SAINT LAURENT, Quebec, June 14, 2018 (GLOBE NEWSWIRE) -- IntelGenx Technologies Corp. (TSX-V:IGX) (OTCQX:IGXT) (the “Company” or “IntelGenx”) announces that it intends to issue 307,070 common shares of the Corporation (the “Common Shares”) at a deemed price of $0.99 per Common Share in payment of an aggregate of $304,000 in interest owing on the Corporation’s 8.00% convertible unsecured subordinated debentures due June 30, 2020 (the “Debentures”).

Under the terms of the trust indenture governing the Debentures (the “Indenture”), the Corporation has the option to pay the semi-annual interest on the Debentures in either cash or Common Shares, subject to customary conditions set forth in the Indenture. The issuance of the Common Shares in payment of interest on the Debentures is subject to the acceptance by the TSX Venture Exchange Inc. The Common Shares issued in payment of interest on the Debentures will be issued pursuant to exemptions from the prospectus requirements of applicable securities laws.

This press release does not constitute an offer to sell, or a solicitation of an offer to buy, securities in any jurisdiction where not permitted by law.

About IntelGenx

Established in 2003, IntelGenx is a leading oral drug delivery company primarily focused on the development and manufacturing of innovative pharmaceutical oral films based on its proprietary VersaFilm™ technology platform.

IntelGenx' highly skilled team provides comprehensive pharmaceuticals services to pharmaceutical partners, including R&D, analytical method development, clinical monitoring, IP and regulatory services. IntelGenx' state-of-the-art manufacturing facility, established for the VersaFilm™ technology platform, supports lab-scale to pilot and commercial-scale production, offering full service capabilities to its clients. More information about the Company can be found at www.intelgenx.com.

Forward-Looking Information and Statements

This document may contain forward-looking information or forward-looking statements within the meaning of applicable U.S. and Canadian securities laws. These statements are statements that are not purely historical. No assurance can be given that the issuance of the Common Shares in payment of interest owing will be completed. All forward-looking statements are expressly qualified in their entirety by this cautionary statement.

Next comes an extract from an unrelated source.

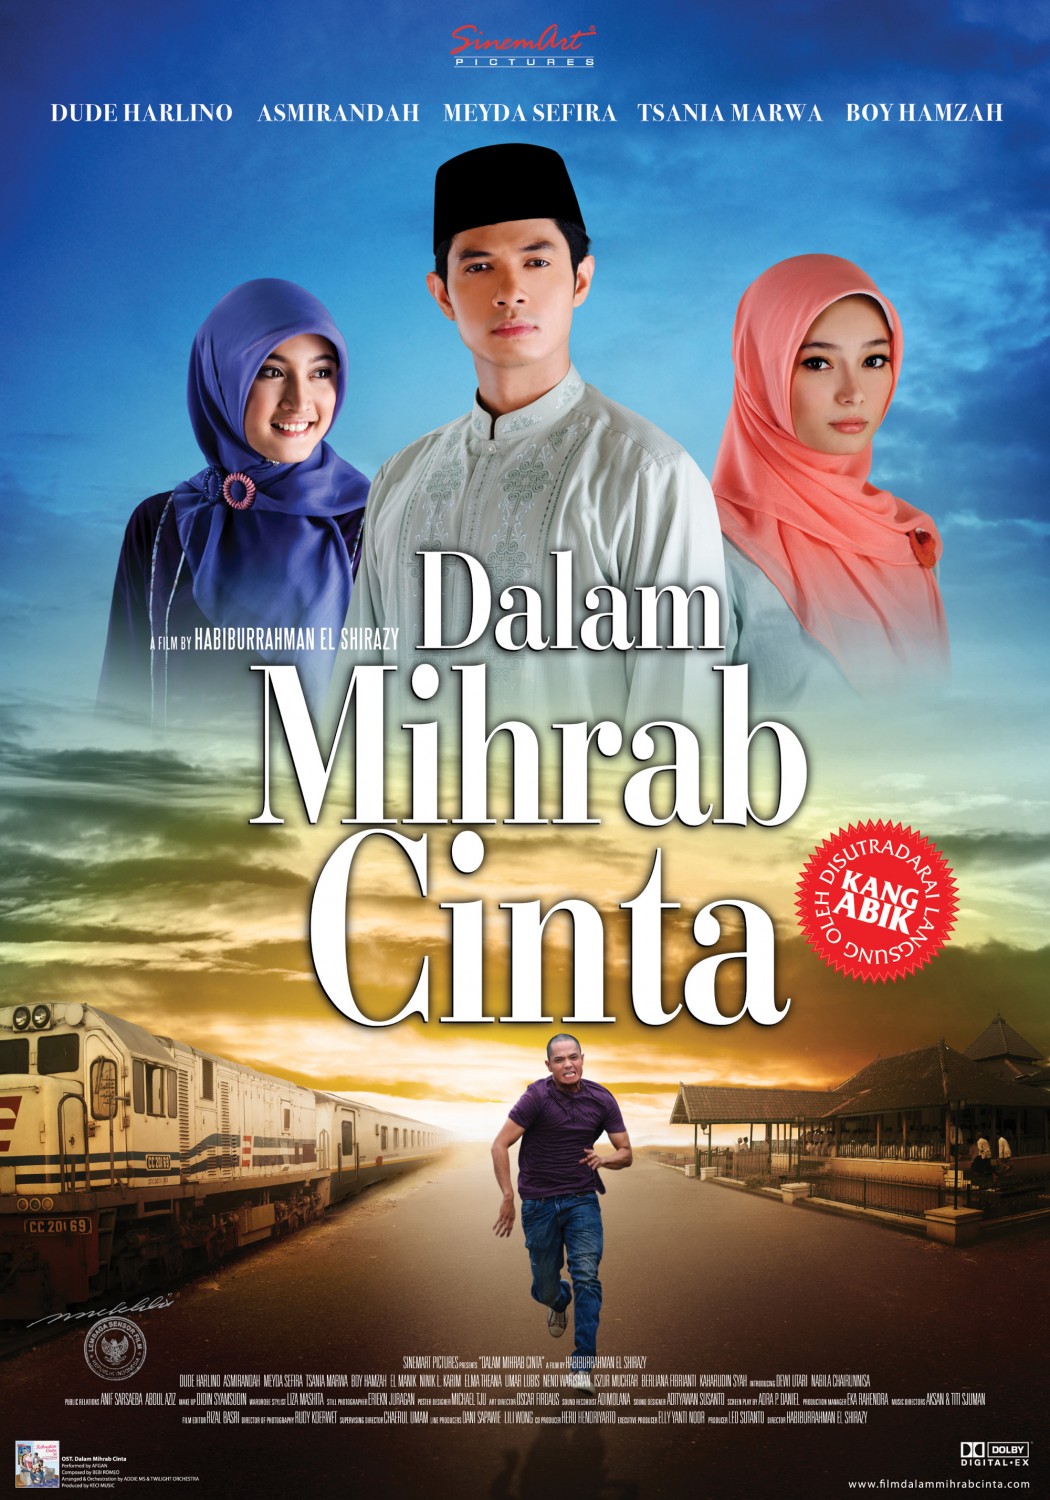 Extra Large Movie Poster Image for Dalam mihrab cinta (#2 of 2)

Because these forward-looking statements are subject to a number of risks and uncertainties, IntelGenx' actual results could differ materially from those expressed or implied by these forward-looking statements.

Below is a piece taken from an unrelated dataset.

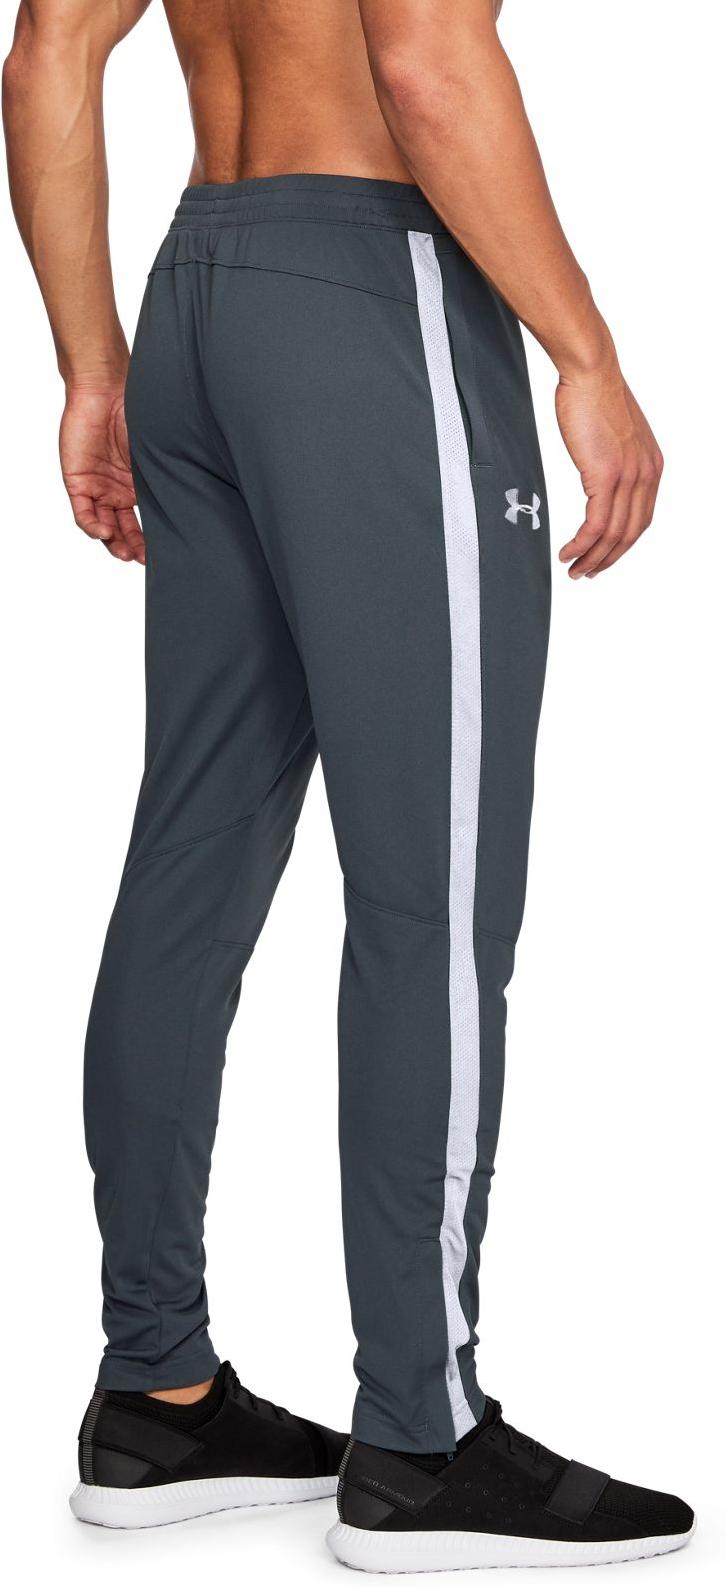 Under Armour Sports Style Pique Track Pant Men Sports Training Jogging Trousers 1313201 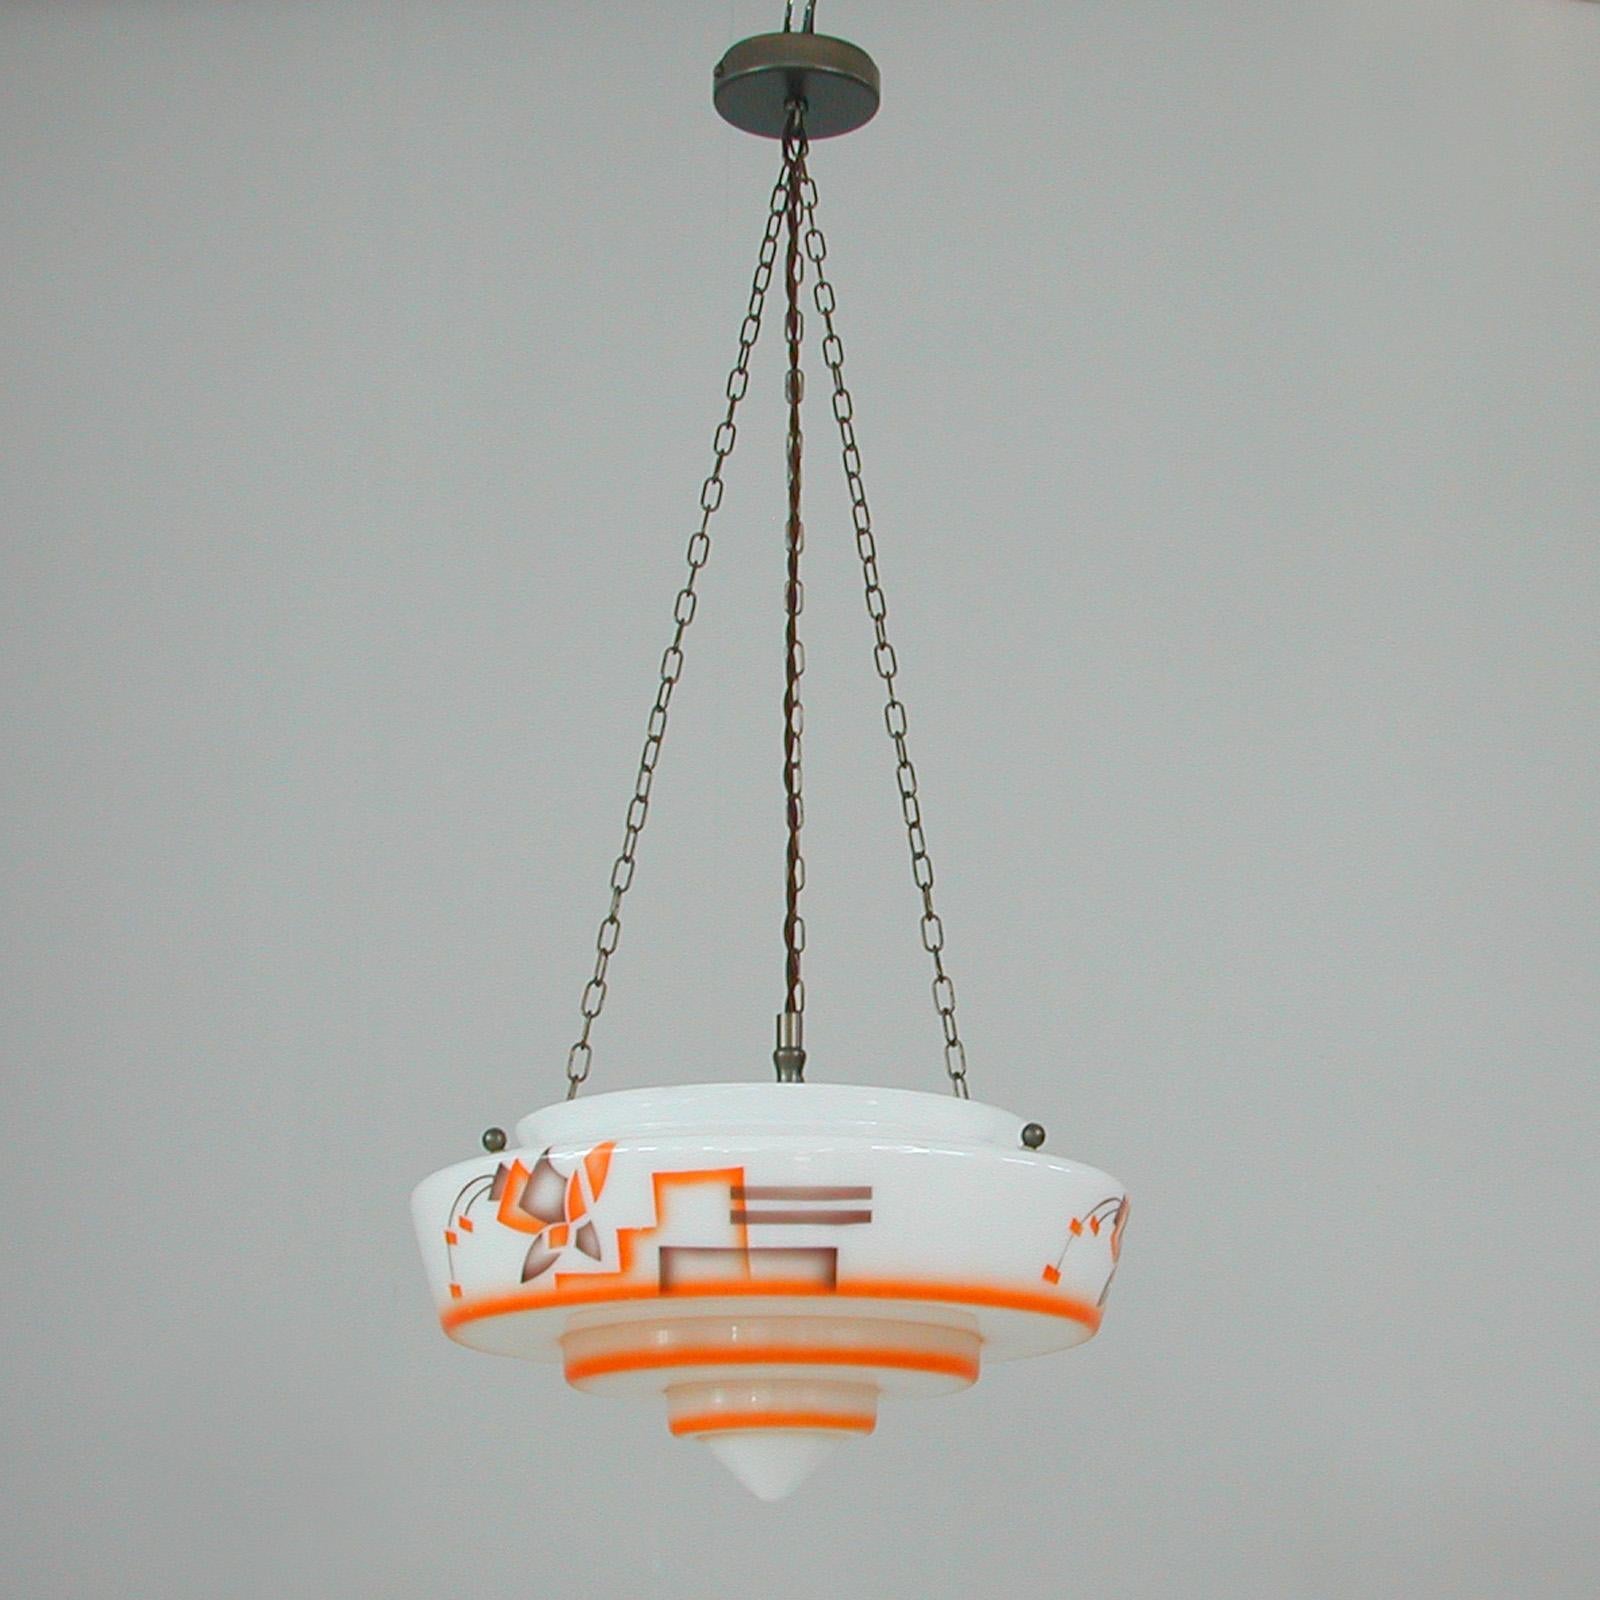 This unique Bauhaus inspired glass pendant was designed and manufactured in Germany in the 1930s. The light features a large tiered glass diffuser with enameled paintbrush decor in orange and brown. Suspended by patinated brass hardware. 

Good

Factors that could cause or contribute to such differences include, but are not limited to, failure to obtain TSX Venture Exchange acceptance of the issuance of the Common Shares in payment of interest owing, failure to satisfy the conditions to issuance provided for in the Indenture and those discussed under the heading “Risk Factors” in the Registration Statement and in IntelGenx' annual report on Form 10-K, filed with the United States Securities and Exchange Commission and available at www.sec.gov, and also filed with Canadian securities regulatory authorities and www.sedar.com. IntelGenx assumes no obligation to update any such forward-looking statements.

Although the Company believes that the expectations and assumptions on which Forward-Looking Information is based are reasonable, readers of this press release are cautioned not to rely unduly on this Forward-Looking Information since no assurance can be given that they will prove to be correct. The Company does not undertake any obligation to update or revise any Forward-Looking Information, whether as a result of events or circumstances occurring after the date of this press release, unless so required by legislation.

For more information, please contact:

Stephen Kilmer
Investor Relations
(514) 331-7440 ext 232
stephen@intelgenx.com

OR

Andre Godin, CPA, CA
Executive Vice-President and CFO
IntelGenx Technologies Corp.
(514) 331-7440 ext 203
andre@intelgenx.com

Neither TSX Venture Exchange nor its Regulation Services Provider (as that term is defined in policies of the TSX Venture Exchange) accepts responsibility for the adequacy or accuracy of this release.

No securities regulatory authority has either approved or disapproved of the contents of this press release. This press release does not constitute an offer to sell or a solicitation of an offer to buy any securities of the Company in any jurisdiction in which such offer or solicitation of sale would be unlawful.